Father Murphy walks into a pub in Donegal, and says to the first man he meets, "Do you want to go to heaven?" The man said, "I do, Father." The priest said, "Then stand over there against the wall." Then the priest asked the second man, "Do you want to go to heaven?" "Certainly, Father," was the man's reply. "Then stand over there against the wall," said the priest. Then Father Murphy walked up to O'Toole and said, "Do you want to go to heaven?"  O'Toole said, "No, I don't Father." The priest said, "I don't believe this. You mean to tell me that when you die you don't want to go to heaven?" O'Toole said, "Oh, when I die, yes. I thought you were getting a group together to go right now."*

*Gallagher opened the morning newspaper and was dumbfounded to read in the obituary column that he had died. He quickly phoned his best friend, Finney. "Did you see the paper?" asked Gallagher. "They say I died!!"  "Yes, I saw it!" replied Finney. "Where are ye callin' from?"*

*An Irish priest is driving down to New York and gets stopped for speeding in Connecticut.
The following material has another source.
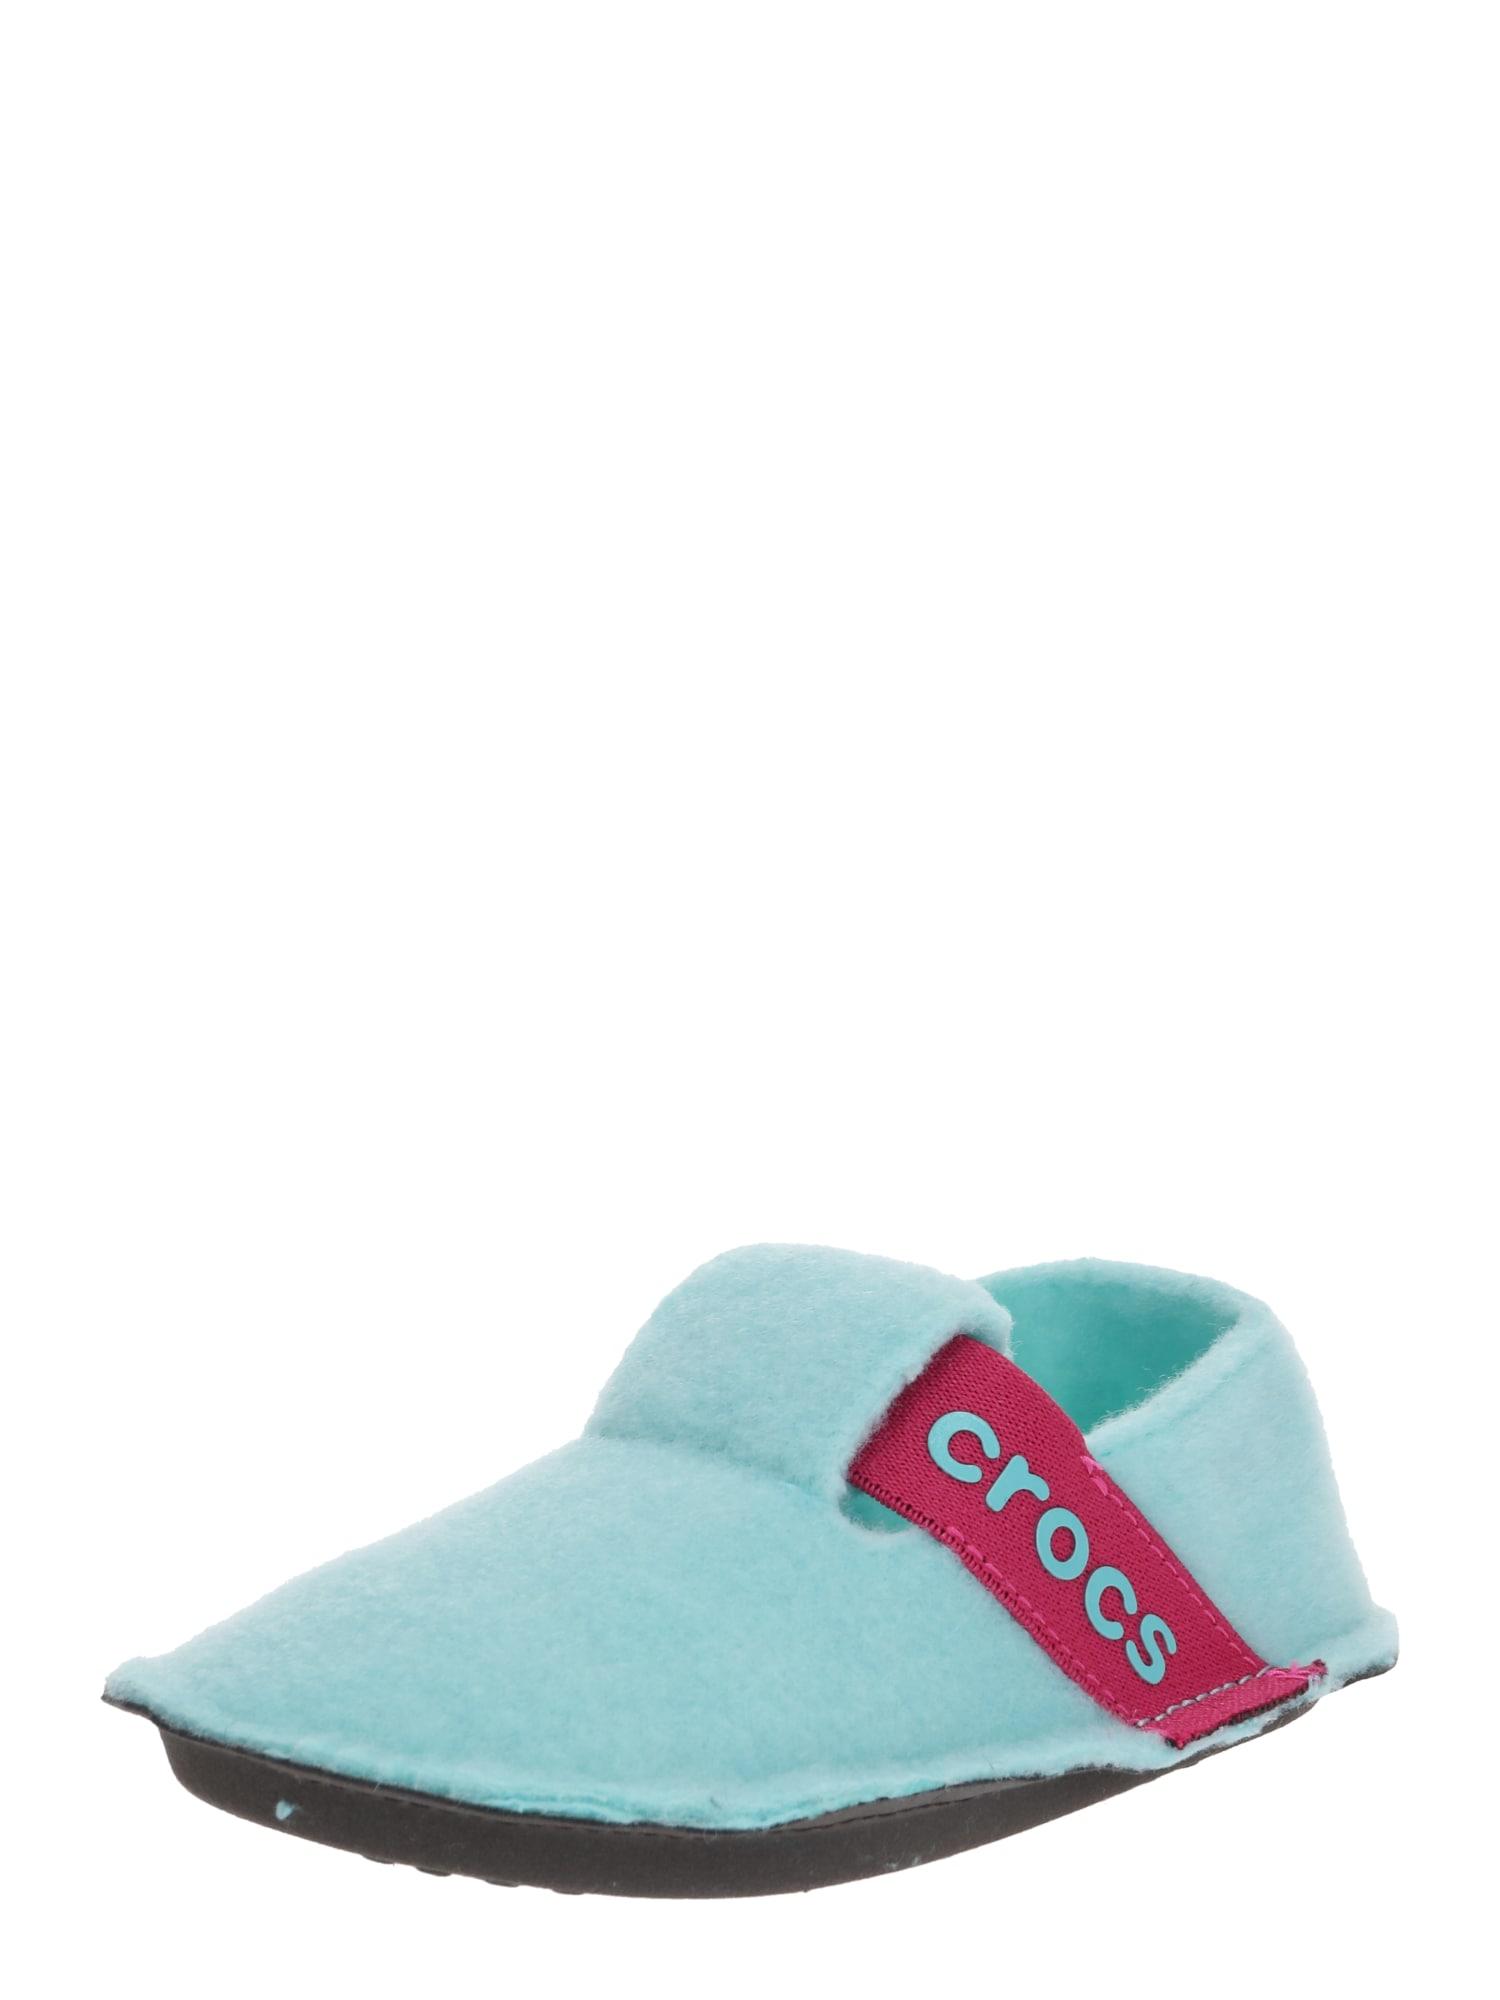 Pantofle Classic Slipper K světlemodrá Crocs

The state trooper smells alcohol on the priest's breath and then sees an empty wine bottle on the floor of the car. He says, "Sir, have you been drinking? "Just water," says the priest. The trooper says, "Then why do I smell wine?"  The priest looks at the bottle and says, "Good Lord! He's done it again!"*

*Walking into the bar, Mike said to Charlie the bartender, "Pour me a stiff one - just had another fight with the little woman."  "Oh yeah?" said Charlie, "And how did this one end?" "When it was over," Mike replied, "She came to me on her hands and knees. "Really," said Charles, "Now that's a switch! What did she say?" She said, "Come out from under the bed, you little chicken."*

May the road rise to meet you, and may you have a glowin' St. Paddy's Day!